Sarò rimasto lì ancora una parte della notte dopo. A sinistra tutto l’orecchio era appiccicato a terra con il sangue, la bocca pure […] Lì accanto Kersuzon era stecchito sotto l’acqua a peso morto. Ho allungato un braccio verso il corpo. Ho palpato […] Non lo sapevo dov’era l’altro braccio. Era schizzato in aria altissimo, vorticava nello spazio e poi ridiscendeva a trafiggermi la spalla, nella carne viva […] e gli altri? Erano passate ore e ore, una notte intera e quasi una giornata da quando erano venuti a maciullarli. Ormai erano solo piccoli montarozzi sul pendio… 

‘Il sangue è ancora fresco. Sono venuti qui come volontari e sono morti mentre voi ingrassate negli uffici’

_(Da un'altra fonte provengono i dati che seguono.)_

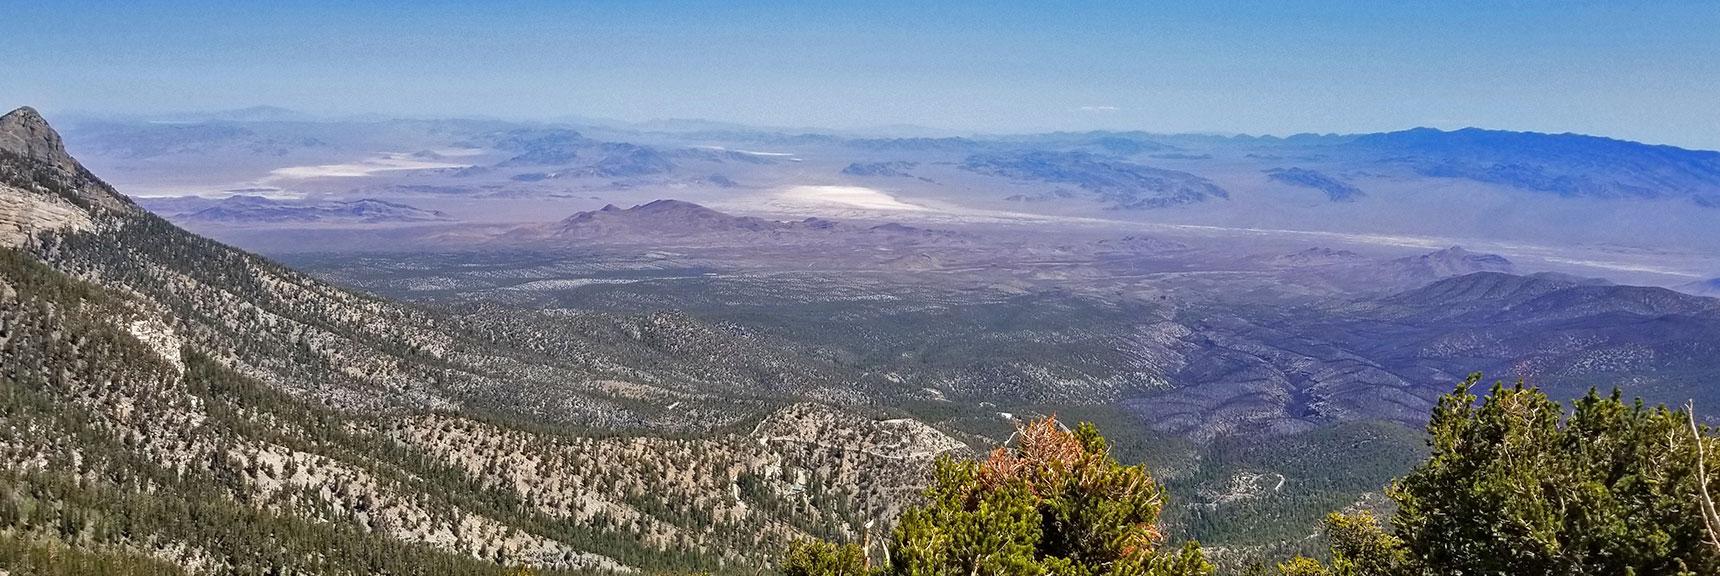 I-95 North Corridor and Sheep Range Viewed from Mummy's Toe Summit   Mummy Mountain's Toe, Mt. Charleston Wilderness, Nevada

Erano venuti come volontari, ora sono piccoli montarozzi accumulati sullo sfondo del video di Prigozhin, personaggio che ormai ha catalizzato l’attenzione mondiale sia per le dinamiche prettamente belliche, sia per i rapporti di forza interni al Cremlino, sia perché ha scalato ogni classifica per numero di linee rosse oltrepassate nella storia della Russia putiniana: ha insultato pubblicamente i vertici militari, ha definito il presidente russo unnonno stronzo’ -epiteto che gli aveva rivolto solo Aleksej Navalny ma senza lo ‘stronzo’-, ha invitato i soldati a ribellarsi contro i superiori incapaci, ha elogiato la resistenza del nemico ridicolizzando l’esercito russo dopo la caduta di Bakhmut (scrisse a Zelensky un’ironica lettera in cui si congratulava con i militari ucraini, secondi nel mondo solo alla Wagner, declassando l’esercito russo in una posizione inferiore a entrambi). Che sia tutto reale o un doppio-triplo-quadruplo gioco di Mosca non lo sappiamo, lasciamo queste analisi a chi di dovere. Ma non si può negare che l’antieroismo di Prigozhin abbia portato un modo diverso di comunicare l’esperienza della guerra in Ucraina: molte bestemmie, poca diplomazia, macabro estetismo, senza rinunciare a una buona dose di cafoneria: céliniano. 

Benché non se ne voglia parlare, Bakhmut è caduta, ridotta a cumulo di macerie e a un cumulo di corpi: secondo alcune stime sarebbero almeno centodiecimila i soldati caduti nel ‘tritacarne Bakhmut’. Ma queste cifre si mormorano sottovoce dalle nostre parti: basterebbero sei numeri in fila per mandare in crisi la retorica dei giornali che, da oltre un anno, raccontano la guerra in Ucraina in chiave tolkeniana, uno scontro tra bene e male, mentre in mezzo altri più coraggiosi di noi ci rimettono con la carne viva. Poche cose descrivono la guerra meglio di un paesaggio di corpi senza vita. Ce lo ha raccontato Céline. Ce lo ha ricordato –involontariamentePrigozhin

Che miseri i patrioti con la patria degli altri.